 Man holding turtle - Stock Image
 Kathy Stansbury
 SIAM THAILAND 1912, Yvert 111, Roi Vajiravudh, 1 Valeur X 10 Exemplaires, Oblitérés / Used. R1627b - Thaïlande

(Task directions)
Your output should be an exact transcription of the line that holds "Kathy Stansbury" and each line after it through the end of the listing above.

(Solution)
 Kathy Stansbury
 SIAM THAILAND 1912, Yvert 111, Roi Vajiravudh, 1 Valeur X 10 Exemplaires, Oblitérés / Used. R1627b - Thaïlande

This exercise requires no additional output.